Mayor Sonthaya Kunplome on Tuesday led city officials in inspecting the rubble left behind by the Sept. 12 blaze at the Nashaa Club, a day after investigators were forced to abort their work due to remaining heat and smoldering embers, as well as the rickety nature of the remaining structure.



After Pattaya engineers gave the all-clear, investigators began to sift through the ruins in search of the cause of the inferno that threatened to engulf other closed businesses on the Pattaya nightlife strip. Sonthaya praised firefighters for their fast work against intolerable heat, explosions and raging flames that stopped from fire from spreading.


On Sept. 14, Nashaa employees who were providing security for the property, and called authorities when the blaze broke out around 9:30 p.m. Sunday, pointed out the area where they believe the fire began: a storage room where alcoholic beverages were stored.

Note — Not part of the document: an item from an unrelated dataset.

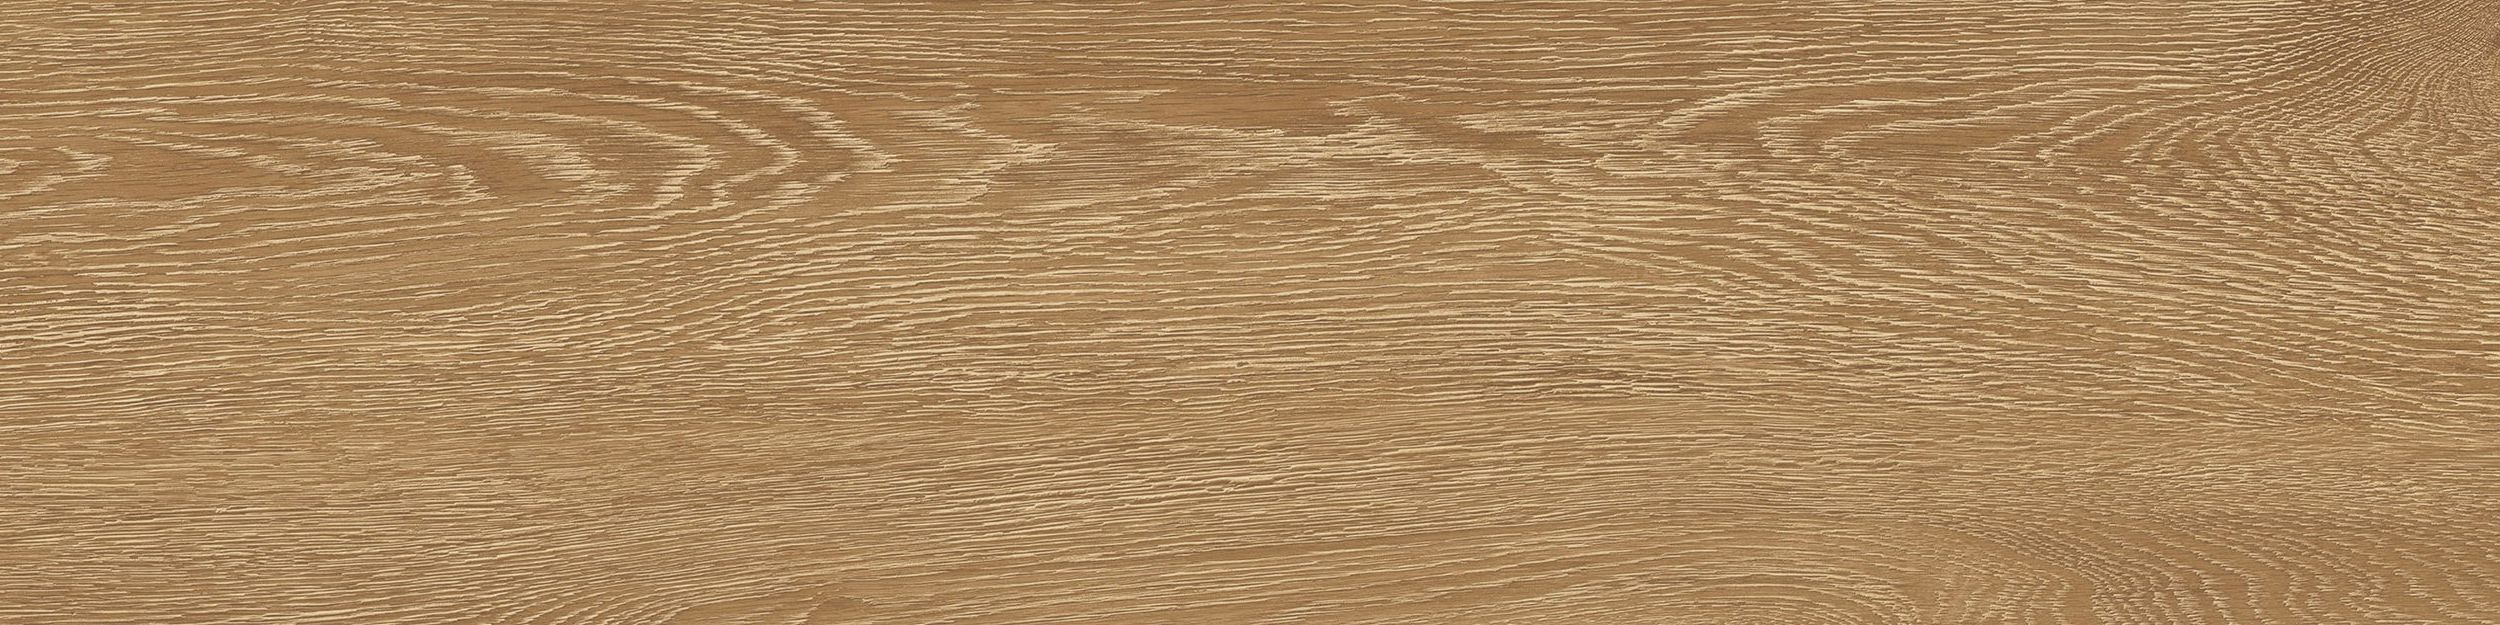 Textured Woodgrains LVT In Antique Oak número de imagen 3

Mayor Sonthaya Kunplome pointed out that the long-running issue of low-hanging bar signs preventing emergency vehicles from traversing Walking Street.

The fire began and was punctuated throughout by large explosions, believed to be natural gas cannisters. No mention was made of those Tuesday.

Few other facts about the fire were released, with Sonthaya saying only that Nashaa’s owners were cooperating and stated that the building was insured for an undisclosed amount.

The mayor took pains to criticize the “false rumors and speculation” that have been rife on social media about the cause of the fire, the building’s insurance policy and motivation for arson.



Nashaa’s owners on Monday posted to social media, urging people to refrain from the rampant, cynical speculation that the club was torched for insurance money due to being closed for five months during the latest coronavirus wave.

Sonthaya also pointed out that the long-running issue of low-hanging bar signs preventing emergency vehicles from traversing Walking Street raised its head again, with near-tragic consequences.



The mayor said the matter of low handing signs would be addressed as part the planned redevelopment of Walking Street.

“We saw that crane fire trucks could not easily reach the fire area because of signs in front of businesses. We have to fix this, as the issue has come up before,” Sonthaya said. He said the matter will be addressed as part the planned redevelopment of Walking Street.

Pattaya City Hall for years has complained about the signage, regularly removing those too close to the ground and, at one point, threatening to ban all signs except slim, vertical marquees placed on the fourth floors of each building as they do in nightlife sections of Tokyo, Seoul and Phnom Penh.


The 2017 threat went nowhere after bar owners refused to change signage until the city fixed the street’s power grid, which hasn’t happened until this year.

The mayor noted overhead power and communications lines, along with transformers on utility poles, complicated the disaster response. However, he said, those issues will be resolved by the ongoing burying of overhead wires by the Provincial Electricity Authority.